What caused the rapid pace of liver damage?
The doctors are not certain as to the precise cause(s) of the rapid rate of liver damage in these cases of co-infection. However, they strongly suspect that immune deficiency likely played a role. They base this idea on reports by other doctors treating patients with immune deficiencies, some of which were unrelated to HIV, where HCV co-infection was also associated with a rapid course of liver damage.
The research team cannot rule out the presence of a possible, as yet unrecognized co-factor (perhaps another germ) that the men may have had that could have accelerated the rate of liver damage. Three of the men were from New York and the fourth was from San Diego, and so the doctors noted that accelerated liver damage is not restricted to one region.
Now and in the future
The present report, while small, should serve to alert HIV-positive people, healthcare providers, clinics and counsellors who specialize in dealing with HCV and sexually transmitted infections (STIs) about the risks of unprotected anal intercourse. Eight years ago, doctors in the Netherlands reported the outbreak of another STI, lymphogranuloma venereum (LGV), chiefly among HIV-positive men. This infection was also spread by unprotected anal intercourse. That outbreak of LGV quickly spread through sexual networks to other MSM in Western Europe, the U.S. and Canada.

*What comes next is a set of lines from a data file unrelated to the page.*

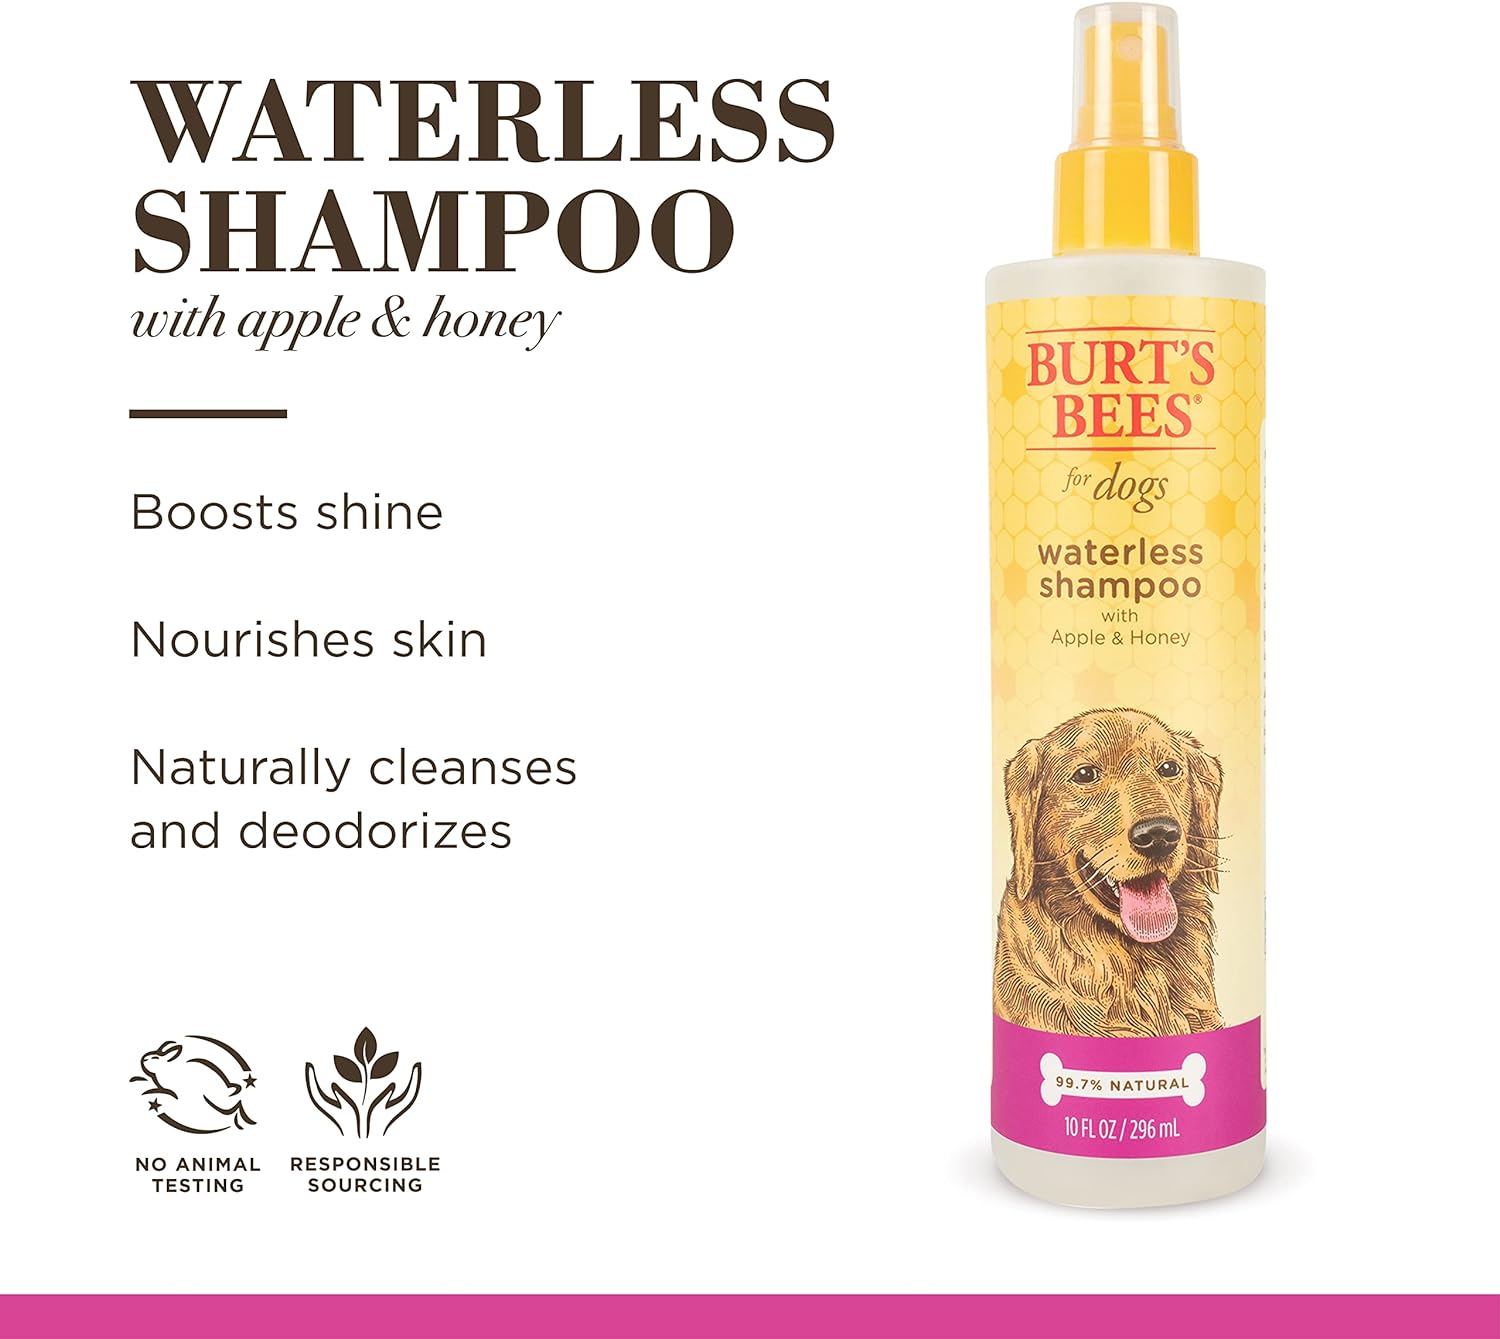 Burt's Bees for Pets Natural Waterless Shampoo Spray for Dogs | Made with Apple and Honey | Easy Way to Bathe Your Dog Naturally | Cruelty Free, Sulfate & Paraben Free, Made in USA - 10 oz - 3 Pack
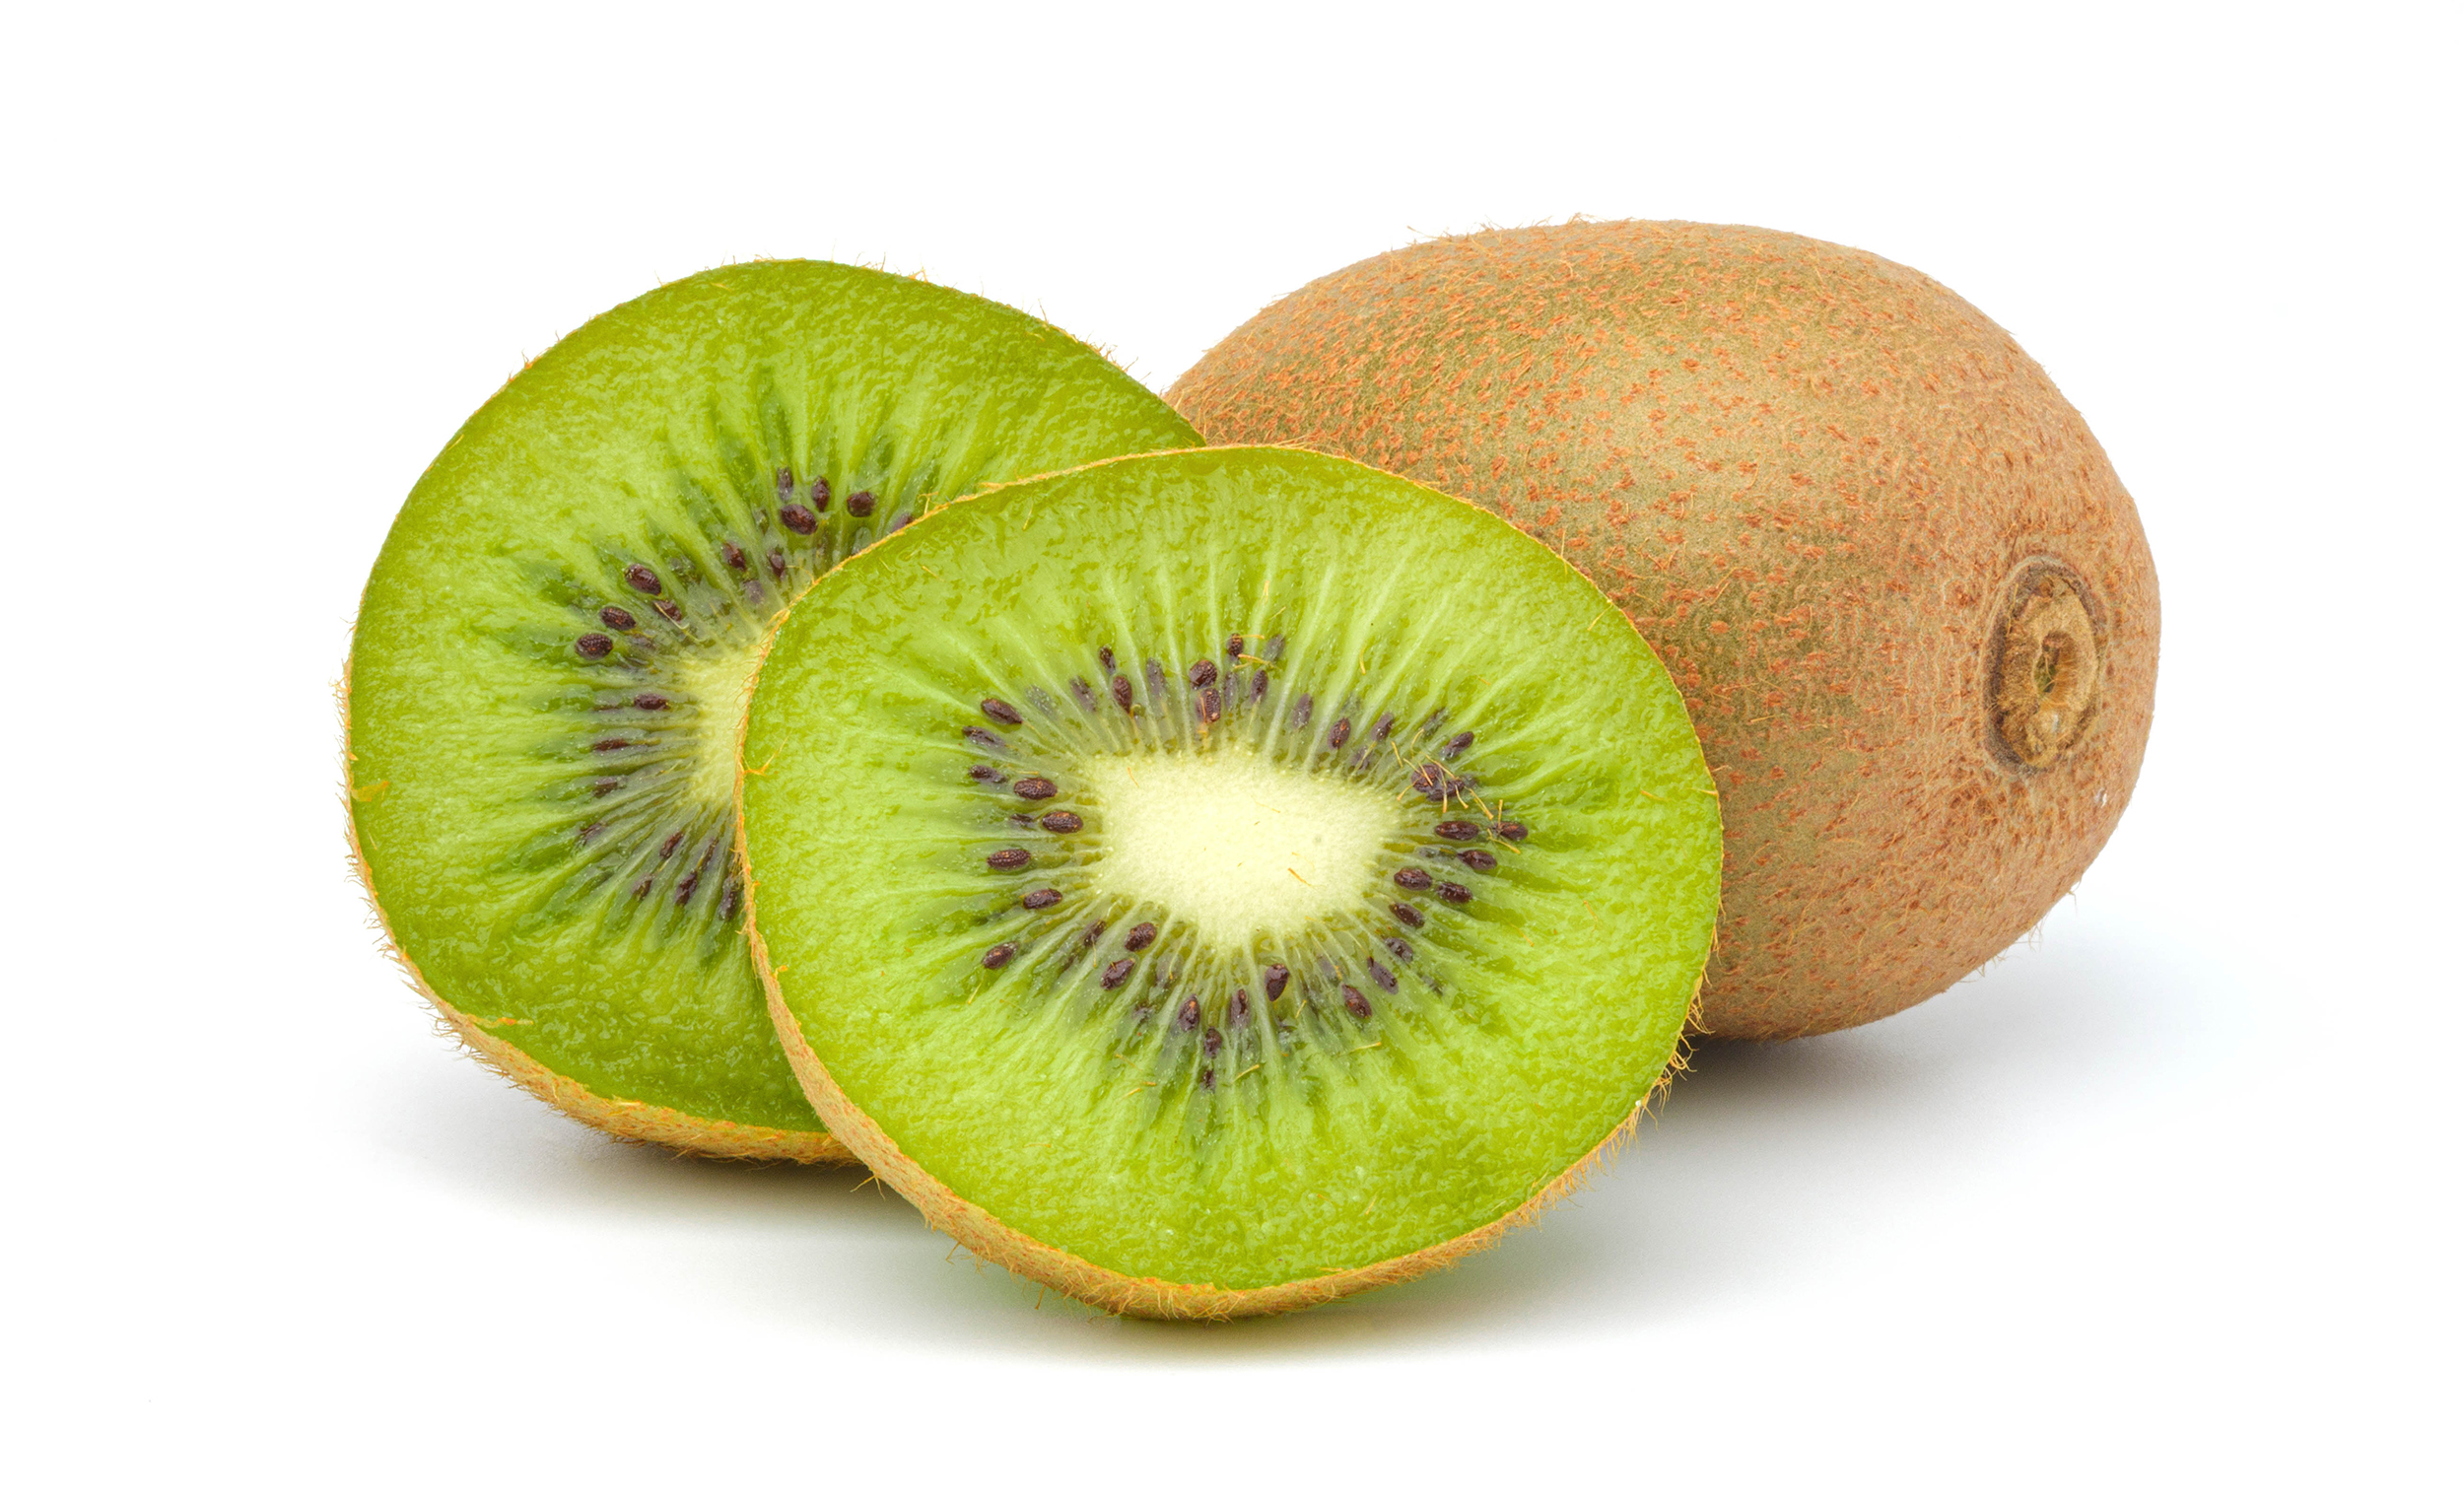 difference-between-gold-kiwi-fruit-and-green-kiwi-fruit
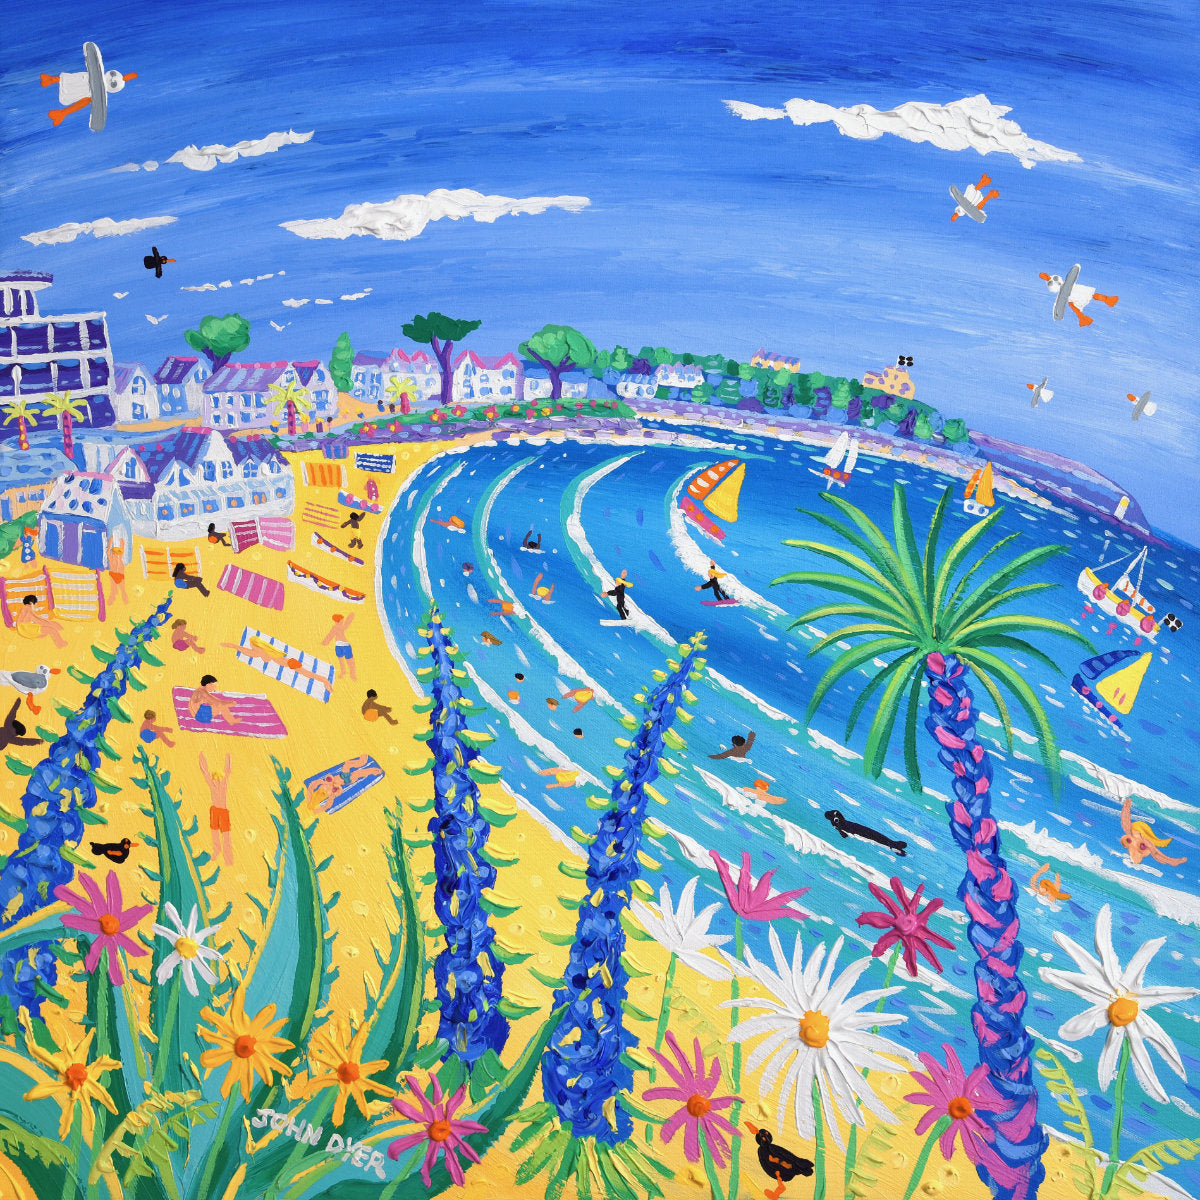 &#39;Tropical Days at Gyllyngvase Beach, Falmouth&#39;, 30 x 30 inches acrylic on canvas. Coastal Paintings of Cornwall by Cornish Artist John Dyer
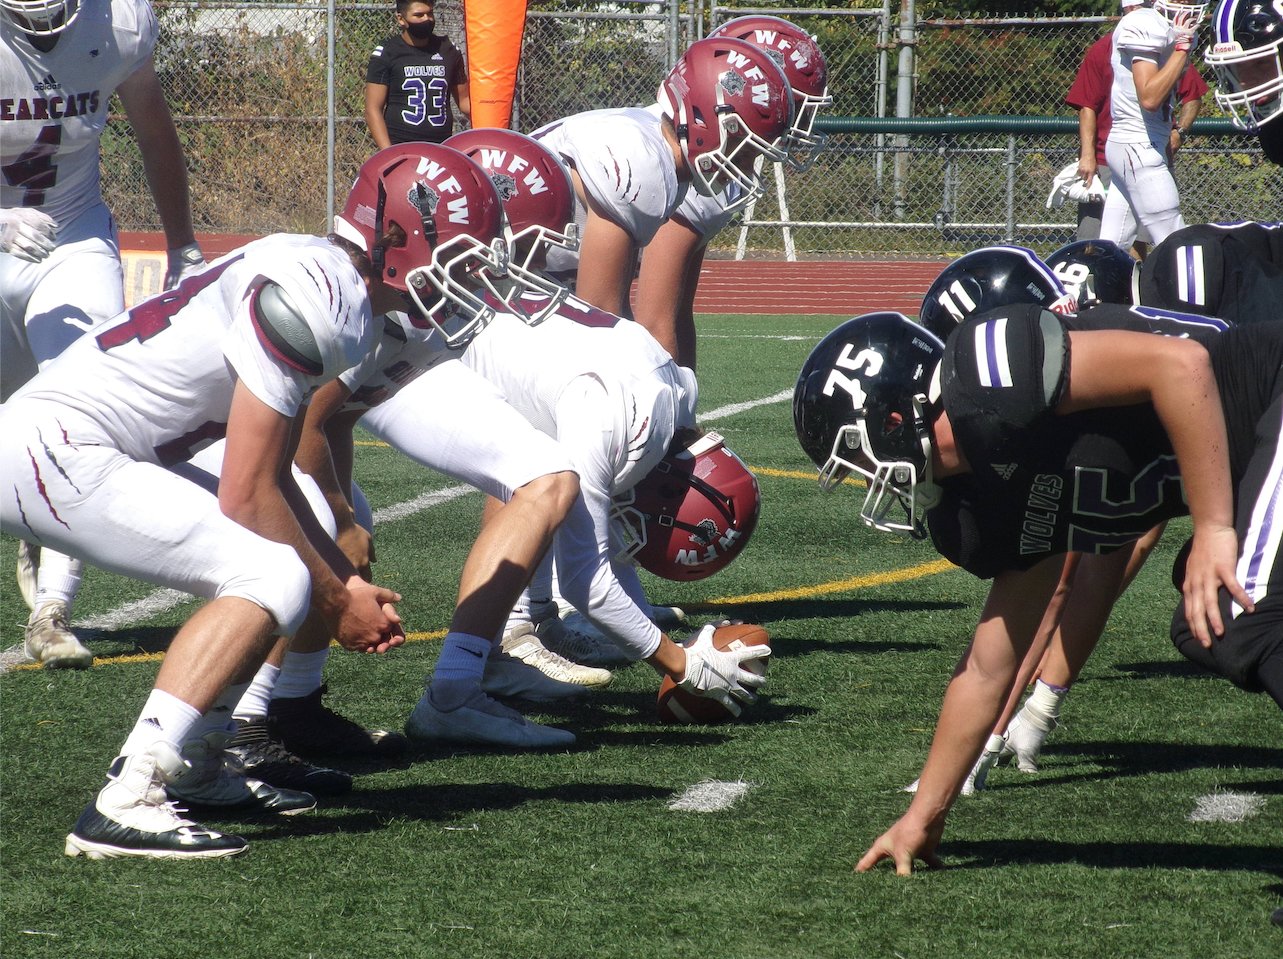 W.F. West's offense lines up to take on Heritage on Saturday in Vancouver.

The U.S team states that more research is needed to better understand the reasons underpinning “this devastating rate of liver damage” in HIV-HCV co-infection. However, social scientists also need to become involved in trying to find ways to help HIV-positive men lead healthier lives. This is likely to become an international issue, as a recent report suggests that the behaviours that led to co-infection in the U.S. study are also an issue in other countries.